Complementarily, OCMT (One Covariate at a time, Multiple Testing) provides an inferential approach to variable selection, advancing beyond IRC limitations by individually testing covariates for significance. OCMT incorporates false discovery rate controls to ensure robustness in the presence of large numbers of potential predictors, outperforming Lasso particularly when multicollinearity is pronounced.

The authors also explore GOCMT, an extension of OCMT, which enhances selection procedures by integrating principal components to account for underlying latent structures, thereby marrying the strengths of sparse and dense techniques.

Empirically, the paper applies these methods to forecast quarterly UK inflation, covering various forecast horizons. The empirical analysis underscores the value of integrating global factors, such as non-UK inflation rates, which substantially affect domestic economic conditions. Across different methods and periods, ARX models, incorporating both UK and foreign inflation, demonstrate superior performance in terms of RMSFE compared to simpler autoregressive models.

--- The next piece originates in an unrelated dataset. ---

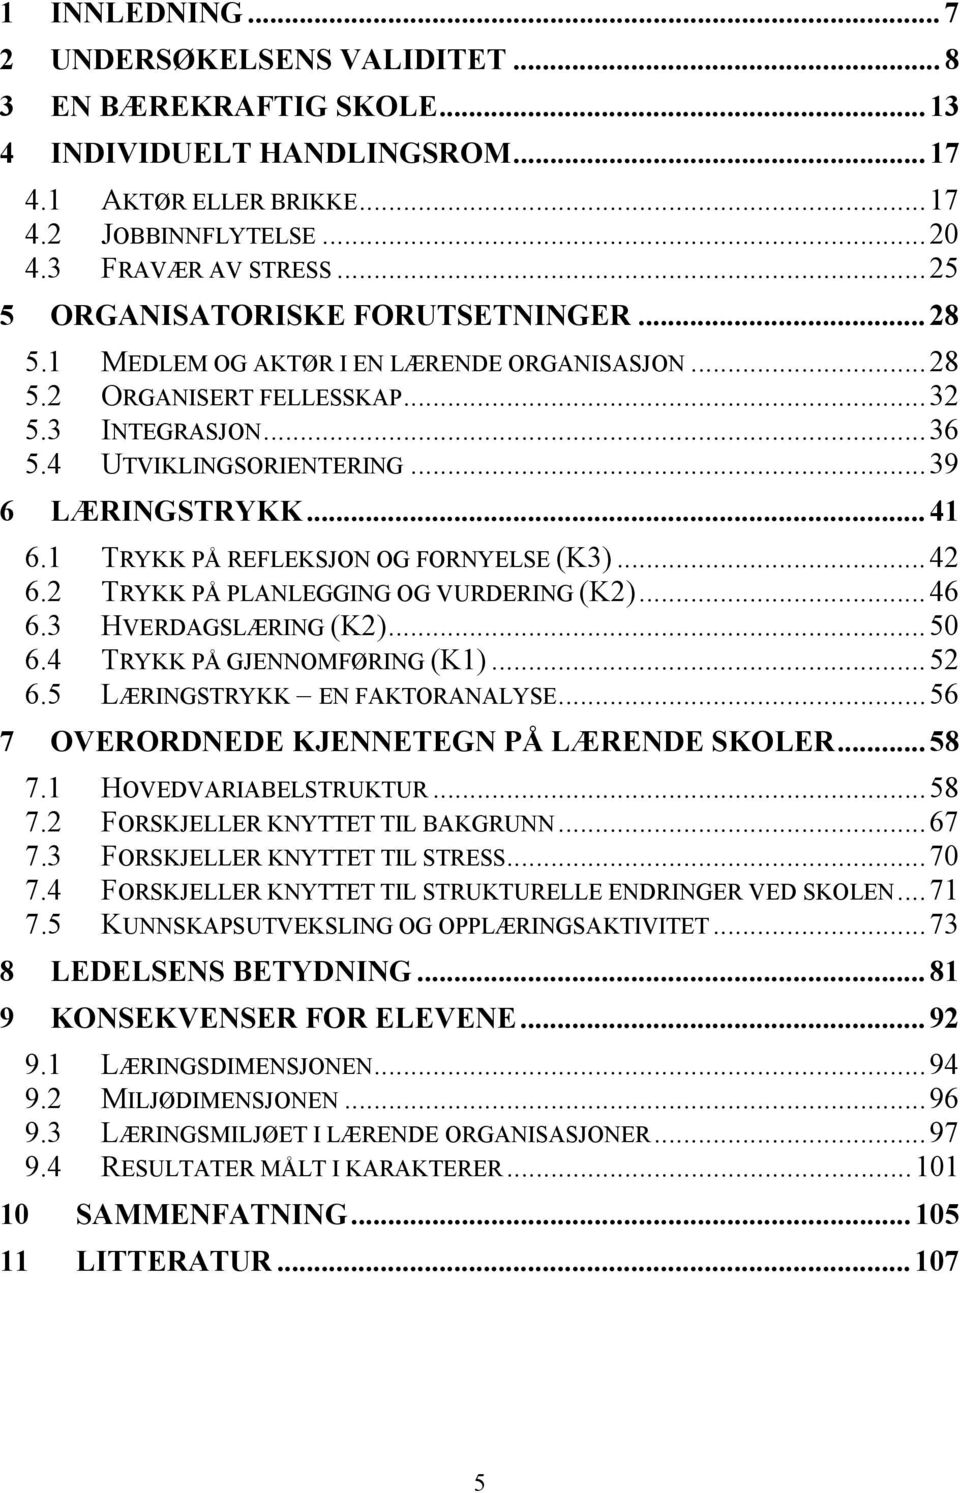 1 TRYKK PÅ REFLEKSJON OG FORNYELSE (K3)...42 6.2 TRYKK PÅ PLANLEGGING OG VURDERING (K2)...46 6.3 HVERDAGSLÆRING (K2)...50 6.4 TRYKK PÅ GJENNOMFØRING (K1)...52 6.5 LÆRINGSTRYKK EN FAKTORANALYSE.

The paper highlights the potential pitfalls of overly complex models and variable overfitting that can sometimes occur with Lasso, particularly when conditioned on pre-selected variables. The results emphasize that while advanced machine learning techniques are powerful, their utility may be limited by the particular economic structure and the forecasting context in question.

The findings have practical implications for policymakers, suggesting they accommodate international economic interactions and latent global factors in their decision-support tools. Theoretically, this work calls for a nuanced understanding of model specification in high-dimensional environments, advocating for adaptive approaches that balance the strengths of sparse and dense modeling techniques.

In conclusion, this paper contributes to the field of econometrics by providing a comprehensive framework for high-dimensional forecasting within complex, interconnected economic systems. The fusion of traditional econometric methods with contemporary machine-learning techniques offers invaluable insights for improving forecast accuracy in the volatile global economic landscape. As computational power continues to grow and data becomes more abundant, future research may focus on refining these approaches, particularly in the face of parameter instability and structural economic shifts.